Randomised phase 2 study of pembrolizumab plus CC-486 versus pembrolizumab plus placebo in patients with previously treated advanced non-small cell lung cancer.

机构信息

Johns Hopkins Sidney Kimmel Cancer Center, Washington, DC, USA.

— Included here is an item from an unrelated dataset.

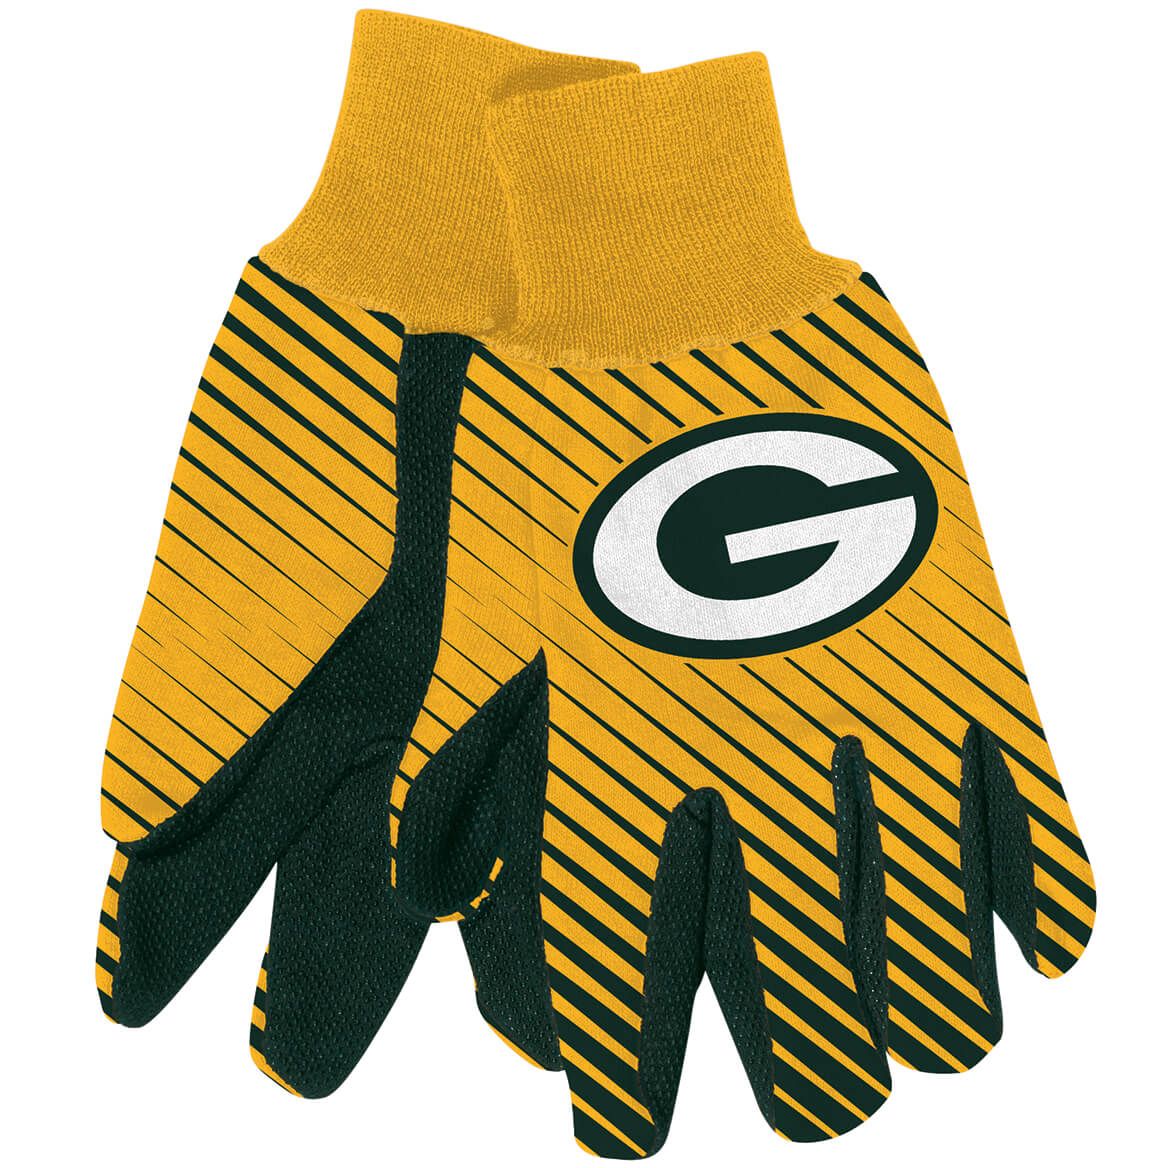 NFL Team Sport Utility Gloves, One Size + '-' + 366100

Lombardi Comprehensive Cancer Center, Georgetown University, Washington, DC, USA.

出版信息

Eur J Cancer. 2019 Feb;108:120-128. doi: 10.1016/j.ejca.2018.11.028. Epub 2019 Jan 14.

Abstract

INTRODUCTION

Preclinical and early clinical studies suggest that combining epigenetic agents with checkpoint inhibitors can potentially improve outcomes in patients with previously treated advanced non-small cell lung cancer (NSCLC). This phase 2 trial examined second-line pembrolizumab + CC-486 (oral azacitidine) in patients with advanced NSCLC.

METHODS

Patients with one prior line of platinum-containing therapy were randomised in a ratio of 1:1 to CC-486 or placebo, on days 1-14, in combination with pembrolizumab on day 1 of a 21-day cycle. The primary end-point was progression-free survival (PFS). Key secondary end-points included overall survival (OS), overall response rate (ORR) and safety.

RESULTS

Among 100 patients randomised (pembrolizumab + CC-486: 51; pembrolizumab + placebo: 49), most were male (57.0%), were white (87.0%) and had Eastern Cooperative Oncology Group performance status 1 (68.0%). No significant difference in PFS was observed between the pembrolizumab + CC-486 and pembrolizumab + placebo arms (median, 2.9 and 4.0 months, respectively; hazard ratio [HR], 1.374; 90% confidence interval [CI], 0.926-2.038; P = 0.1789). Median OS was 11.9 months versus not estimable (HR, 1.375; 90% CI, 0.830-2.276; P = 0.2968); ORR was 20% versus 14%. Median treatment duration was shorter (15.0 versus 24.1 weeks), and the number of cycles was lower (5.0 versus 7.0) with pembrolizumab + CC-486 versus pembrolizumab + placebo. No new safety signals for CC-486 or pembrolizumab were detected. Treatment-emergent adverse events were more common in the pembrolizumab + CC-486 arm, particularly gastrointestinal, potentially impacting treatment feasibility.

CONCLUSIONS

No improvement in PFS was observed with pembrolizumab + CC-486 versus pembrolizumab + placebo. Decreased treatment exposure due to adverse events may have impacted efficacy with pembrolizumab + CC-486.

摘要

简介

临床前和早期临床研究表明,将表观遗传学药物与检查点抑制剂联合使用可能会改善先前治疗的晚期非小细胞肺癌(NSCLC)患者的预后。这项 2 期试验研究了二线 pembrolizumab + CC-486(口服阿扎胞苷)在晚期 NSCLC 患者中的应用。

方法

100 例接受过一线含铂化疗的患者按照 1:1 的比例随机分配至 CC-486 或安慰剂组,在第 1-14 天给药,联合第 1 天的 pembrolizumab(每 21 天为一个周期)。主要终点为无进展生存期(PFS)。关键次要终点包括总生存期(OS)、总缓解率(ORR)和安全性。

结果

在 100 例随机分组的患者中(pembrolizumab + CC-486:51 例;pembrolizumab + 安慰剂:49 例),大多数患者为男性(57.0%),为白人(87.0%),东部肿瘤协作组体能状态为 1 级(68.0%)。与 pembrolizumab + 安慰剂组相比,pembrolizumab + CC-486 组的 PFS 无显著差异(中位 PFS:2.9 个月和 4.0 个月,风险比[HR]:1.374;90%置信区间[CI]:0.926-2.038;P = 0.1789)。中位 OS 分别为 11.9 个月和不可估计(HR:1.375;90%CI:0.830-2.276;P = 0.2968);ORR 分别为 20%和 14%。与 pembrolizumab + 安慰剂组相比,pembrolizumab + CC-486 组的中位治疗持续时间更短(15.0 周 vs 24.1 周),用药周期更少(5.0 周期 vs 7.0 周期)。未发现 CC-486 或 pembrolizumab 的新安全性信号。与 pembrolizumab + 安慰剂组相比,pembrolizumab + CC-486 组治疗相关不良事件更为常见,特别是胃肠道相关不良事件,可能会影响治疗可行性。

结论

与 pembrolizumab + 安慰剂相比,pembrolizumab + CC-486 并未改善 PFS。由于不良事件导致治疗暴露减少可能会影响 pembrolizumab + CC-486 的疗效。